**The task:** In the material below, the line holding "ml - Kreidespray" and every line after it should be reproduced exactly, please, with pictures omitted.

**Information provided:**
------------------------------------------------------------------------

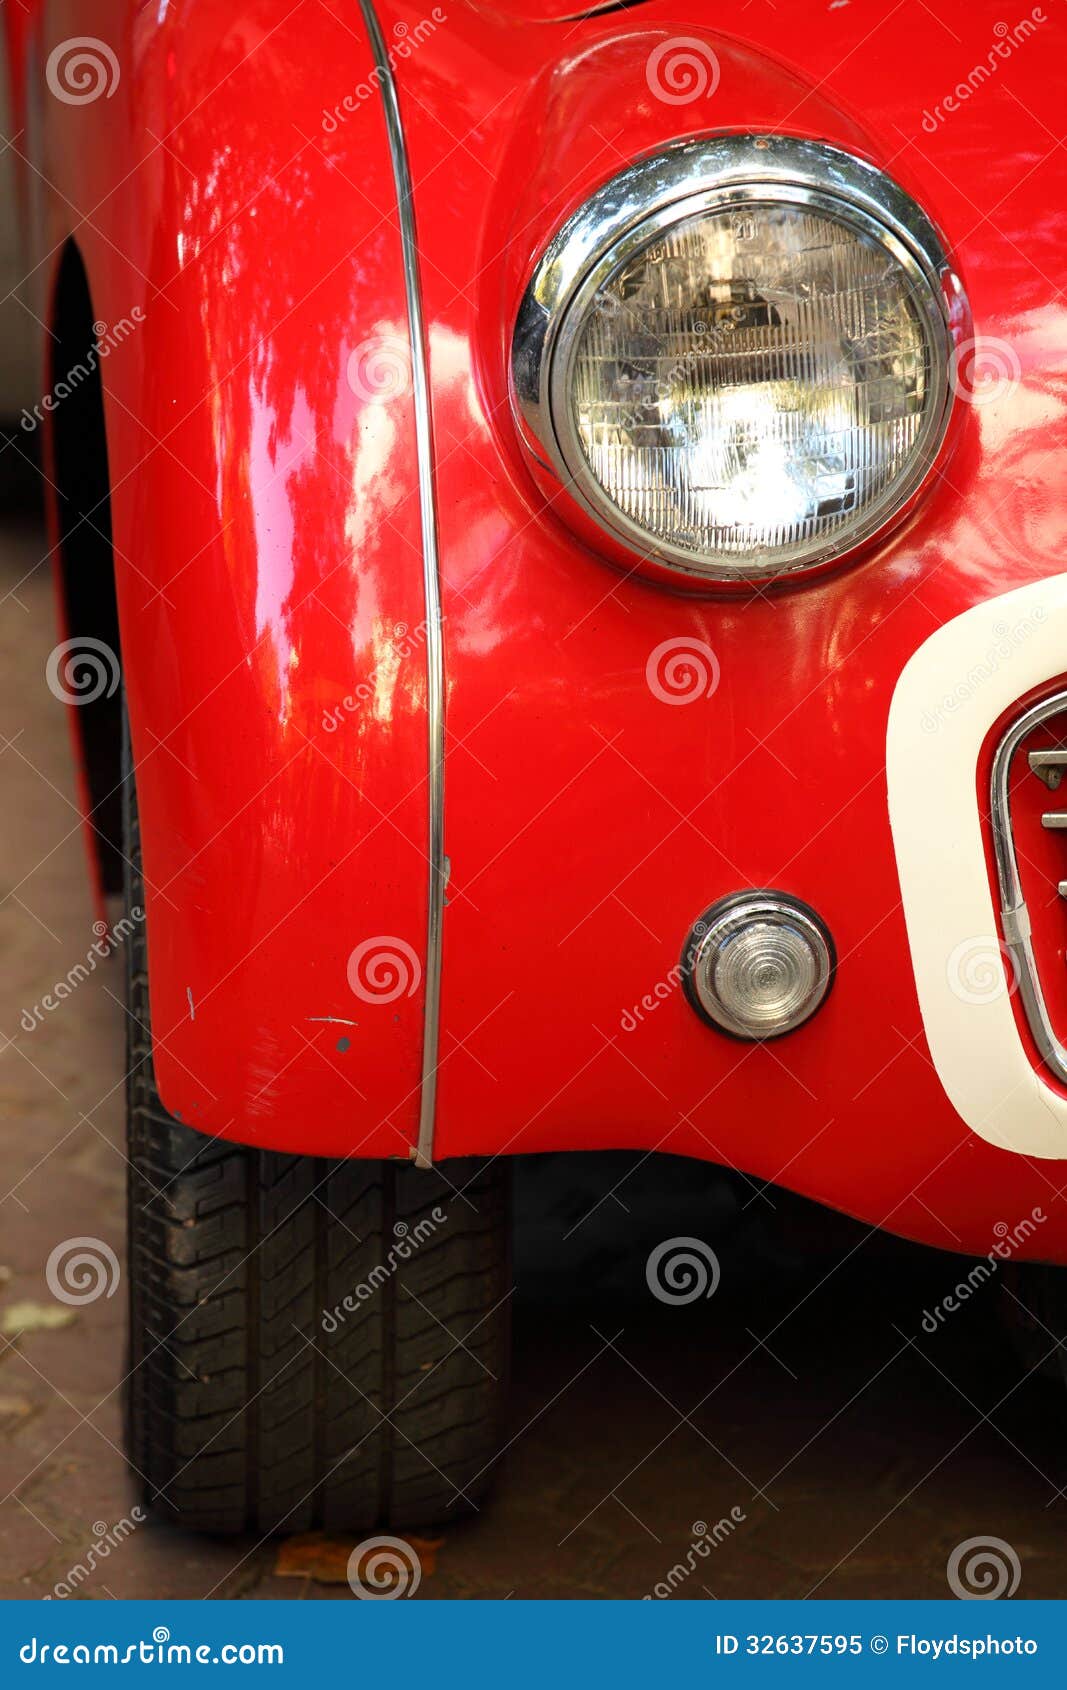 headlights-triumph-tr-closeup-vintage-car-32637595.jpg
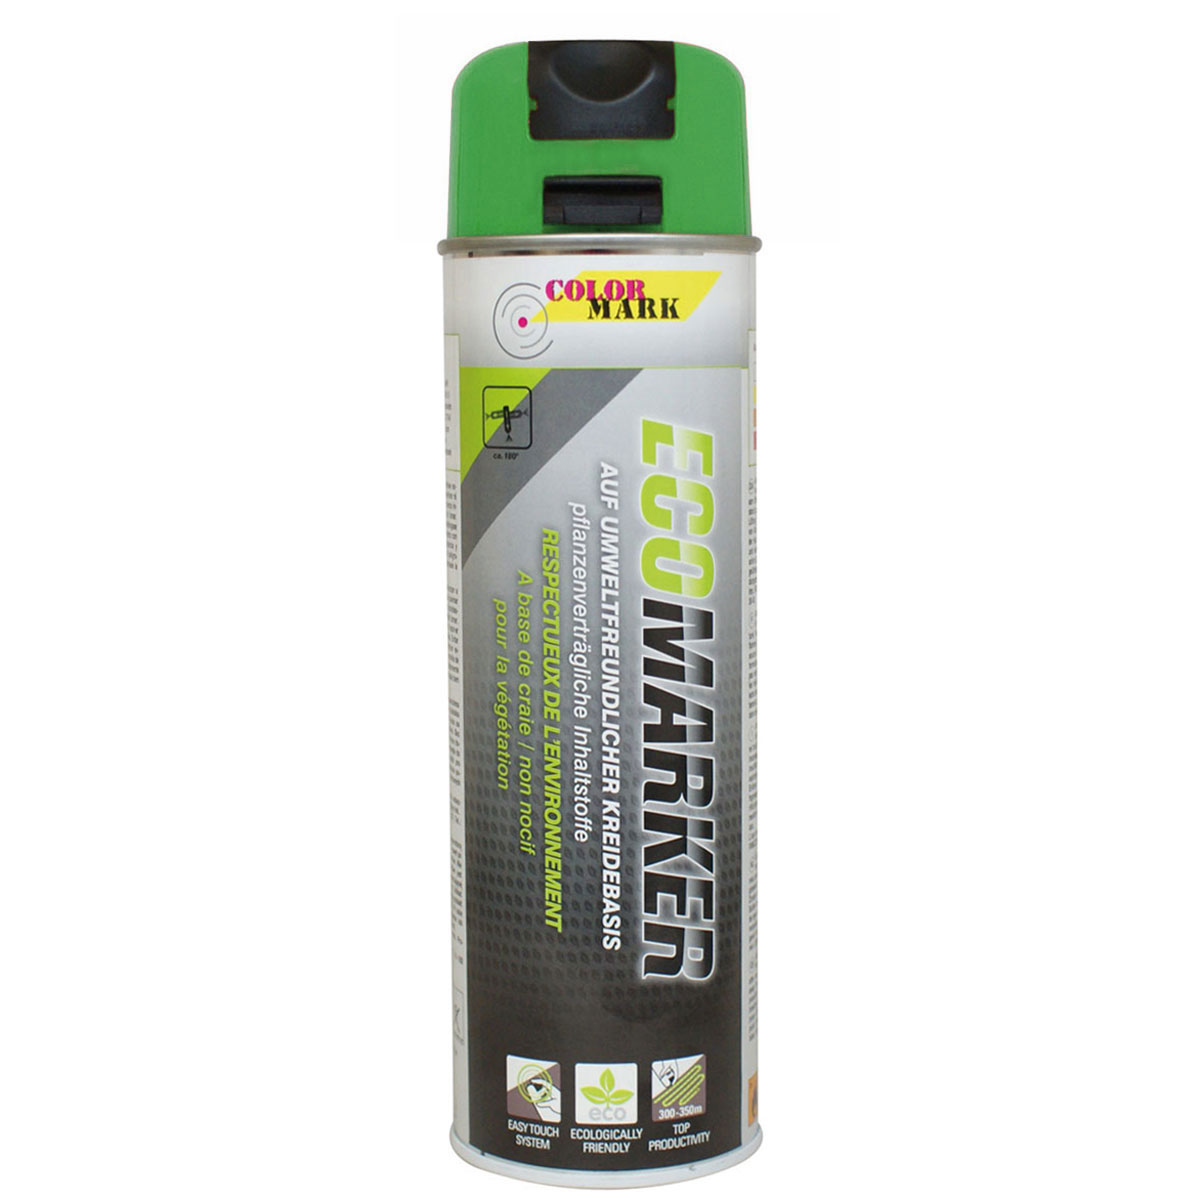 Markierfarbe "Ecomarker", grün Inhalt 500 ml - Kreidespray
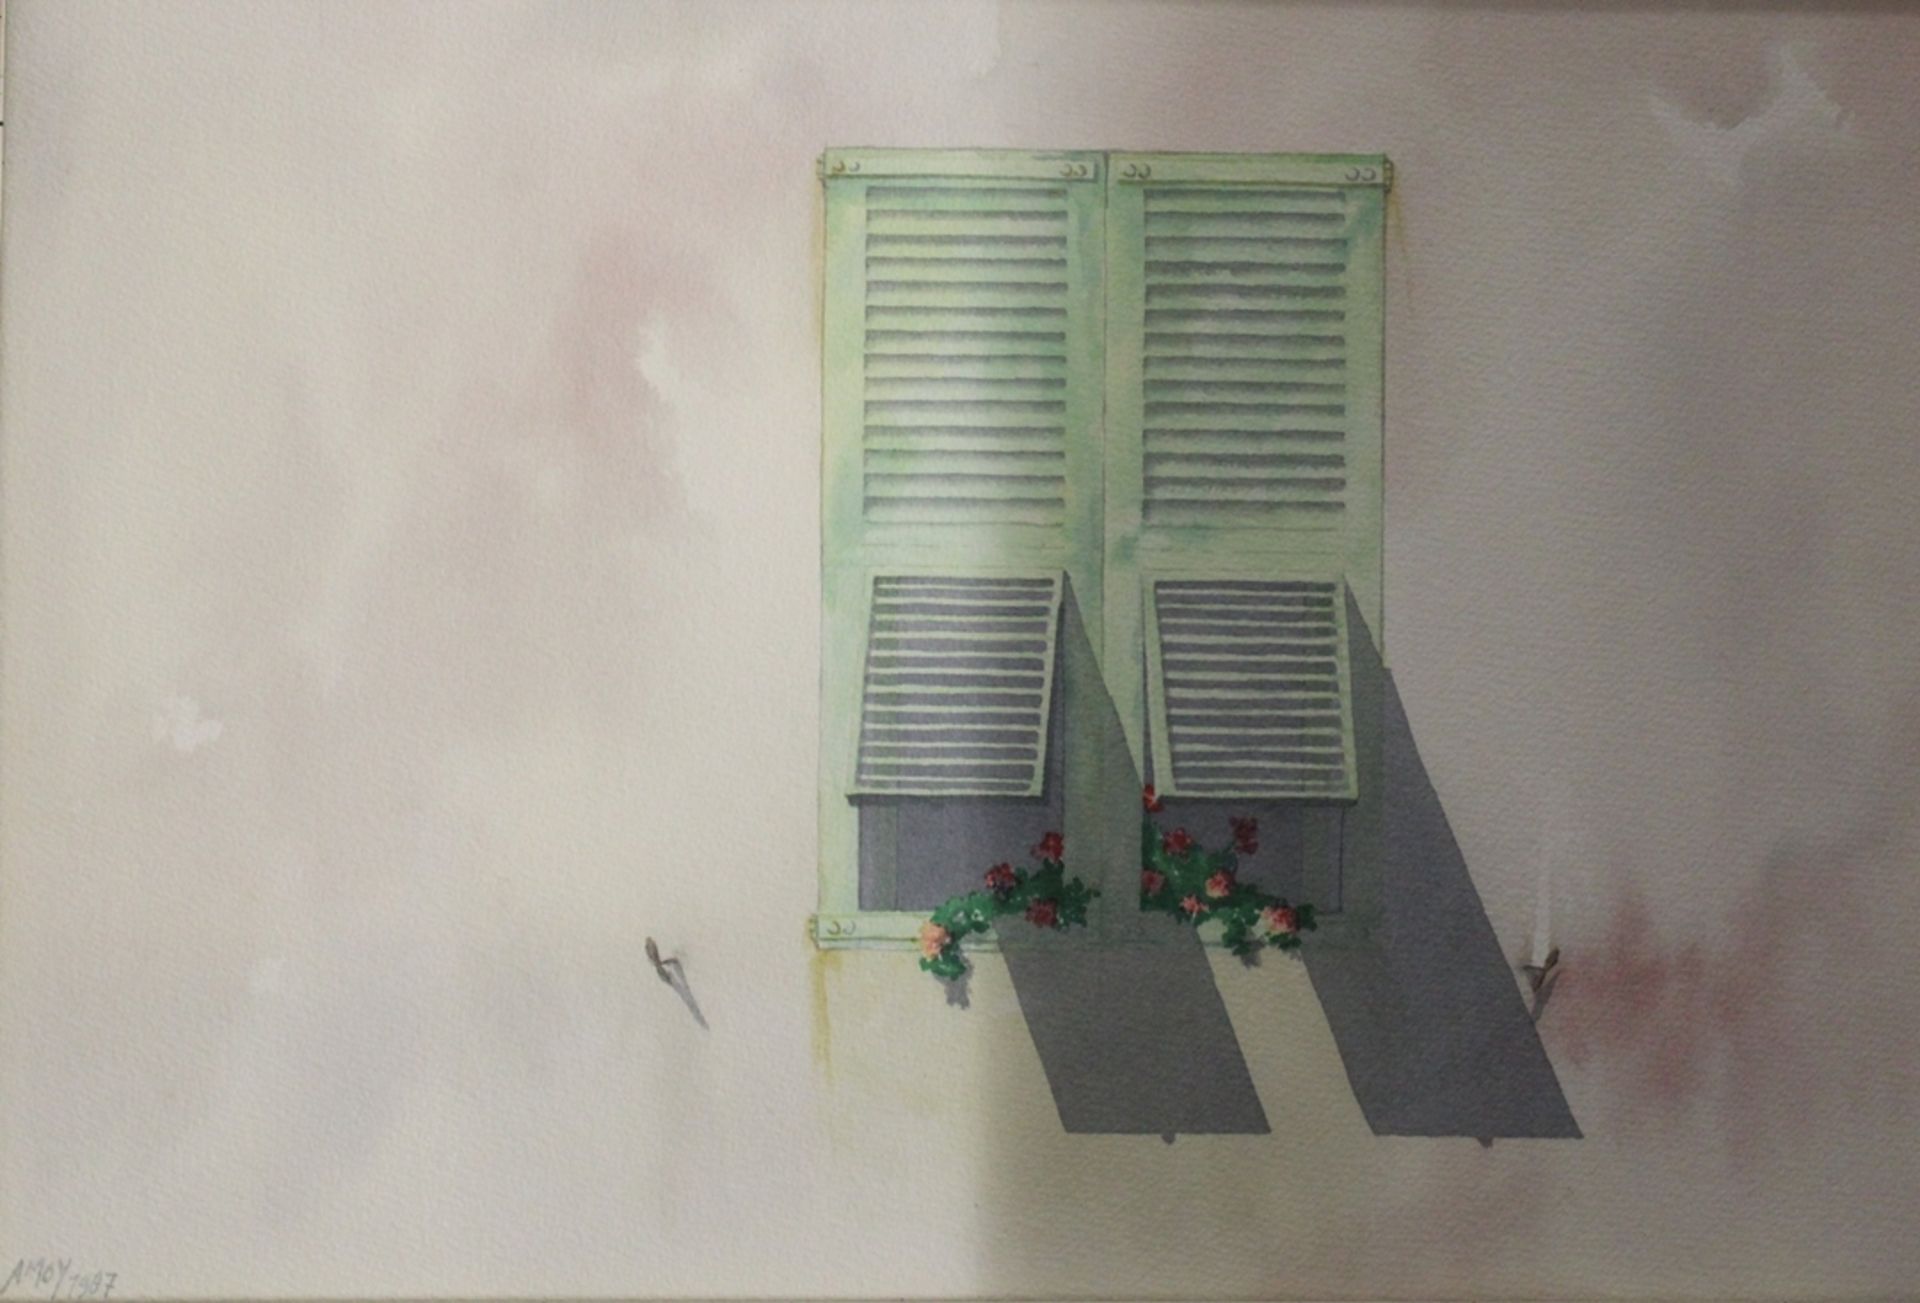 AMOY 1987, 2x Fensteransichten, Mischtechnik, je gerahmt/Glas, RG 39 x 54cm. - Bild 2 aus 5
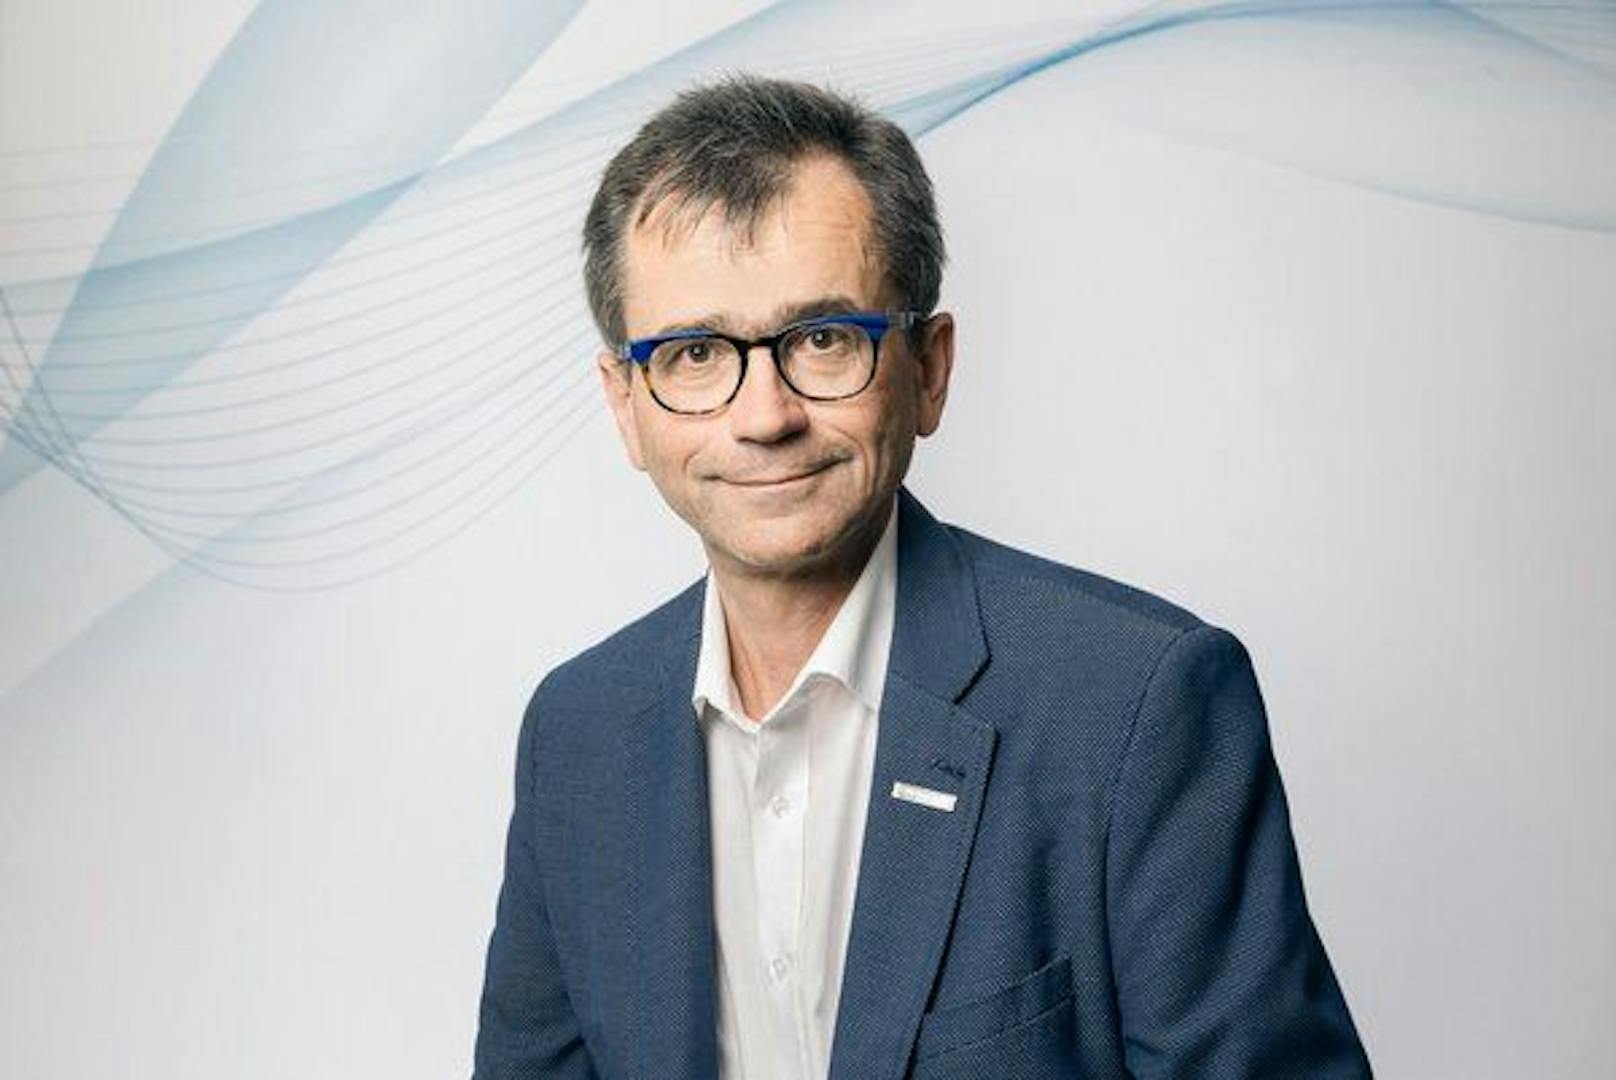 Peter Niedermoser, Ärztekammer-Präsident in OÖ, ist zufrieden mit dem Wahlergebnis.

------------------------------------------------------------------------

**Answer to the problem:**
 Markierfarbe "Ecomarker", grün Inhalt 500 ml - Kreidespray
 AMOY 1987, 2x Fensteransichten, Mischtechnik, je gerahmt/Glas, RG 39 x 54cm. - Bild 2 aus 5
 Peter Niedermoser, Ärztekammer-Präsident in OÖ, ist zufrieden mit dem Wahlergebnis.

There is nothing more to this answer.